Il Comune, già nel gennaio 1629, aveva per precauzione ordinato di chiudere tutte le porte cittadine e di rafforzare i controlli soprattutto alle persone ed alle merci in entrata; quell’anno, scrive un cronachista, fu «assai penurioso di viveri», col grano che ascese alla somma di otto lire lo staio, quando normalmente costava meno della metà. Nel novembre dello stesso anno il granduca Ferdinando II scrive al vicario di Pescia, ricordandogli le misure necessarie per contrastare l’avanzata del morbo; dà l’ordine di svuotare i pozzi neri e di pulire la gora che passa sotto le case che si affacciano sulla piazza, l’odierna piazza Mazzini.
Nel 1630, in seno alla confraternita di Misericordia, si propone di edificare un «lazzaretto per curare li ammalati», stanziando trentacinque lire al mese per sei mesi; in seguito, furono scelte le chiese di San Rocco e Santa Croce, entrambe ne il Prato, dove vi erano anche la chiesa ed il convento di San Francesco e l’ospedale e chiesa di Sant’Antonio Abate. Nei momenti più crudi della virulenza furono predisposti altri due lazzaretti: uno in località Arcipressi e l’altro presso la casa e orto di Lorenzo Simoni, entrambe aree non esattamente identificabili.

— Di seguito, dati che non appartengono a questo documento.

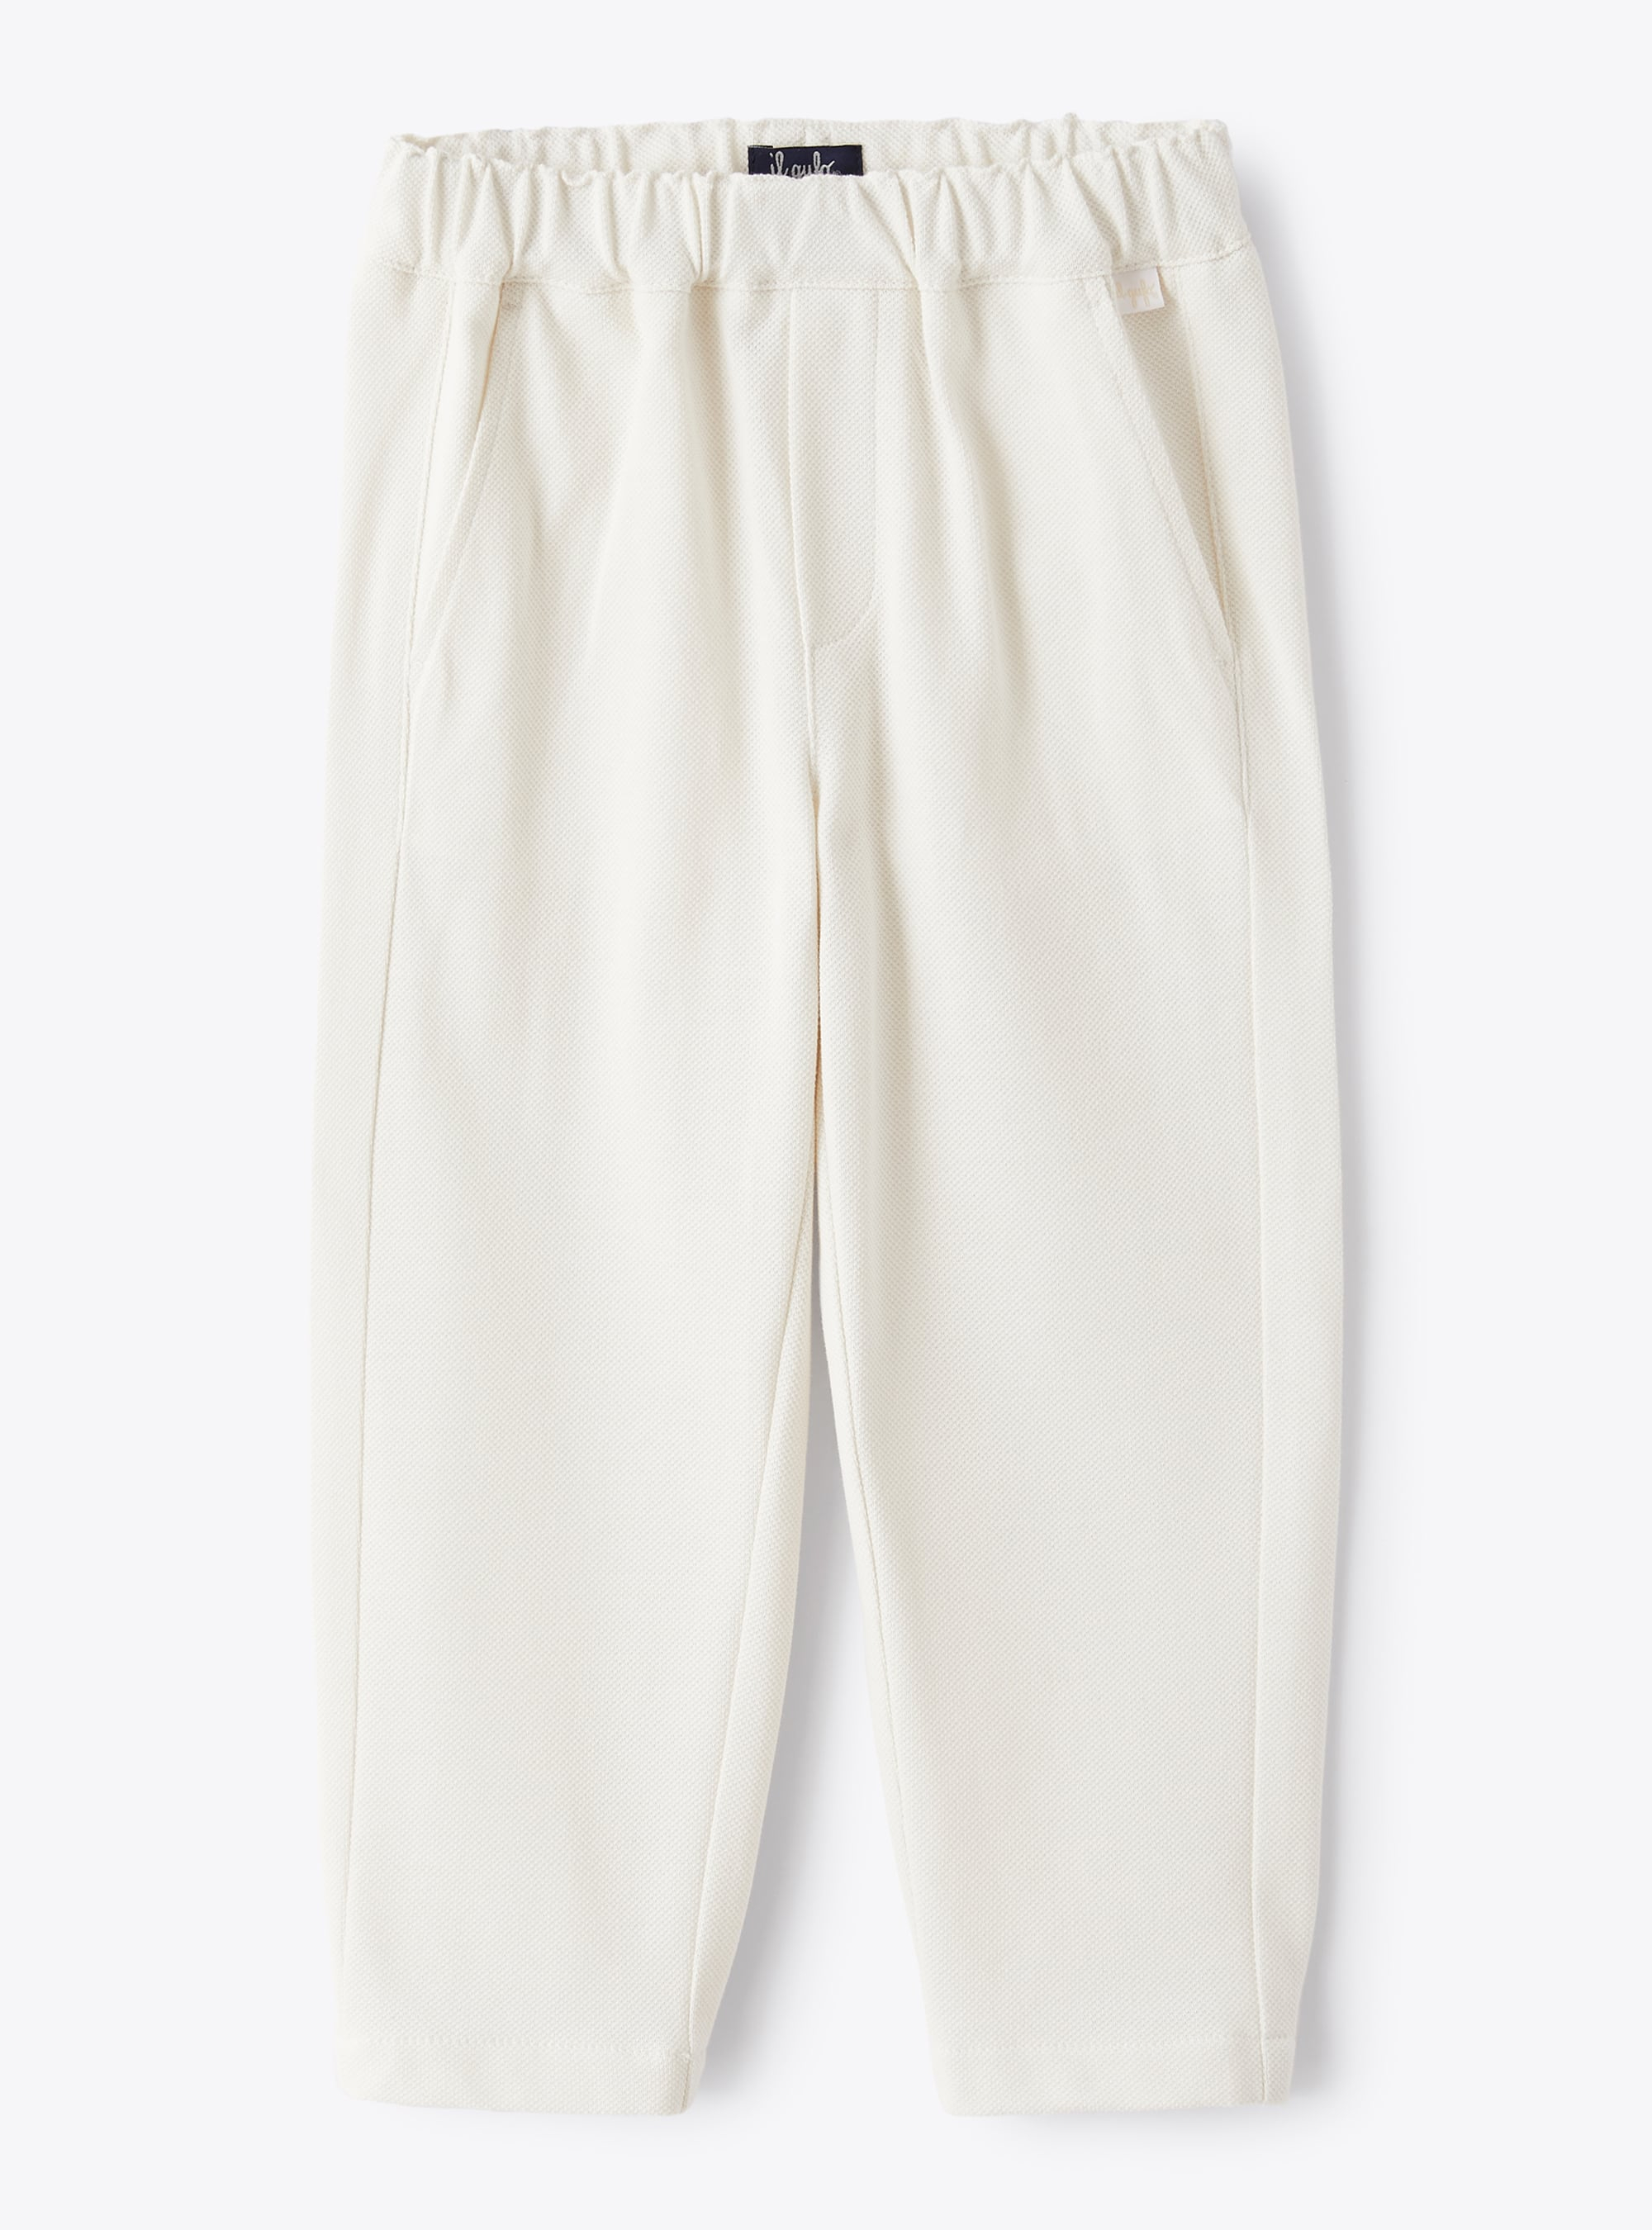 Pantalone in piquet bianco - Pantaloni - Il Gufo

Nei primi mesi del 1631 Firenze invia a Pescia farmaci, soldi ed uomini. Ortensia, come abbiamo visto all’inizio, muore il 24 maggio. Il 18 giugno i registri riportano i nomi di ben cinquanta pesciatini morti per peste. L’ultima morta, sul finire dello stesso anno, è Dionora di Virgilio. Nel gennaio termina il contagio.
Si conteranno oltre tremila morti di peste nella sola terra di Pescia.